This log contains over two years worth of accounting records from the national grid of the Czech republic, called MetaCentrum. It is a longer log from a later period compared to the original MetaCentrum log.

The MetaCentrum grid is composed of a varying number of clusters, each with several multiprocessor machines with multicore CPUs or GPUs. Importantly, the the scheduling system underwent a significant reconfiguration in the middle of this period, which is the subject of a paper based on this log.

For more information about the system, see URL http://metavo.metacentrum.cz/en/index.html.
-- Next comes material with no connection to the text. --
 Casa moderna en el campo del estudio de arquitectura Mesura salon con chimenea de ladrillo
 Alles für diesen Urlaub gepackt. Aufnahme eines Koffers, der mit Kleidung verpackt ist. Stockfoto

The MetaCentrum workload log was graciously provided by Czech National Grid Infrastructure MetaCentrum. If you use this log in your work, please use a similar acknowledgment. It was made available via the web page of Dalibor Klusacek, which also includes data about the configuration, specifying 19 clusters with 495 nodes and 8412 cores in total (however, the log appears to contain some jobs that ran on additional clusters as well). To acknowledge Dalibor's work please consider citing the paper that introduced this log:

D. Klusacek, S. Toth, and G. Podolnikova, ``Real-life Experience with Major Reconfiguration of Job Scheduling System''. In Job Scheduling Strategies for Parallel Processing, May 2015.

Downloads:

METACENTRUM-2013-1.swf 72 MB gz original log in augmented SWF format as received
METACENTRUM-2013-3.swf 58 MB gz re-converted log
METACENTRUM-2013-2.swf 58 MB gz OLD VERSION of re-converted log (replaced 16 Sep 2015)
(May need to click with right mouse button to save to disk)

Papers Using this Log:

This log was used in the following papers:
[klusacek15]

System Environment

MetaCentrum is composed of up to around 30 Linux clusters, with different configurations. Some were changed during the logging period.
no. Cluster From To NxC CoresMem/node (GB) GPUs/node
1 ajax.zcu.cz start end 1x8 8 72 -
2 alela.feec.vutbr.cz start 5-Oct-2013 12x8 96 32 -
3 doom.metacentrum.cz 30-Sep-2013 end 30x16 480 67 2xGPU
4 eru.ruk.cuni.cz start end 2x32 64 264 -
5 gram.zcu.cz start end 10x16 160 67 4xGPU
6 haldir.metacentrum.cz 2-Apr-2013 end 1x64 64 1040 -
7 hda.cerit-sc.cz (zapat) start end 112x16 1792 134 -
8 hdb.cerit-sc.cz (zigur) 22-Apr-2013 end 32x8 256 134 -
9 hdc.cerit-sc.cz (zegox) 22-Apr-2013 end 48x12 576 94 -
10 hermes.metacentrum.cz 19-Feb-2013 end 11x8 88 14 -
11a hildor.prf.jcu.cz start 11-Feb-2013 (renamed) 26x16 416 67 -
11b hildor.metacentrum.cz 11-Feb-2013 end 26x16 416 67 -
12 konos.fav.zcu.cz start end 9x12 108 24 2xGPU
13 losgar.ics.muni.cz start end 2x48 96 64 -
14 loslab.ics.muni.cz start end 14x12 168 12 -
15 luna.fzu.cz start end 47x16 752 96 -
16 mandos.ics.muni.cz start end 14x64 896 264 -
17 manegrot.ics.muni.cz 16-Dec-2014 end 4x32 128 512 -
18 manwe.ics.muni.cz start end 7x16 112 66 -
19 minos.zcu.cz start end 49x12 588 20 -
20 mudrc.metacentrum.cz 17-May-2014 end 12x4 48 3 -
21 nympha.zcu.cz start end 19x8 152 14 -
22a perian1-20.ncbr.muni.cz start 29-May-2014 20x8 160 25 -
22b perian21-40.ncbr.muni.cz start end 20x8 160 25 -
22c perian41-56.ncbr.muni.cz start end 16x12 192 50 -
23 quark.video.muni.cz start end 3x8 24 18 -
24 ramdal.ics.muni.cz start end 1x32 32 1058 -
25 skirit.ics.muni.cz start 5-Oct-2013 28x4 112 3 -
26 tarkil.cesnet.cz start end 28x8 224 22 -
27 ungu.cerit-sc.cz 12-Dec-2013 end 1x288 288 6144 -
28 urga.cerit-sc.cz 19-Nov-2014 end 1x384 384 6144 -
29a zewura.cerit-sc.cz start 12-Nov-2014 (split) 20x80 1600 512 -
29b zewura.cerit-sc.cz 12-Nov-2014 end 8x80 640 512 -
30 zebra.cerit-sc.cz 12-Nov-2014 end 12x80 960 512 -
31 zorg.cerit-sc.cz 11-Dec-2014 end 4x10 40 1536 -
32 kalpa.fzu.cz 6-Nov-2013 end 2x24 48 256 -
The notation NxC means N nodes with C cores each; Cores is the total cores.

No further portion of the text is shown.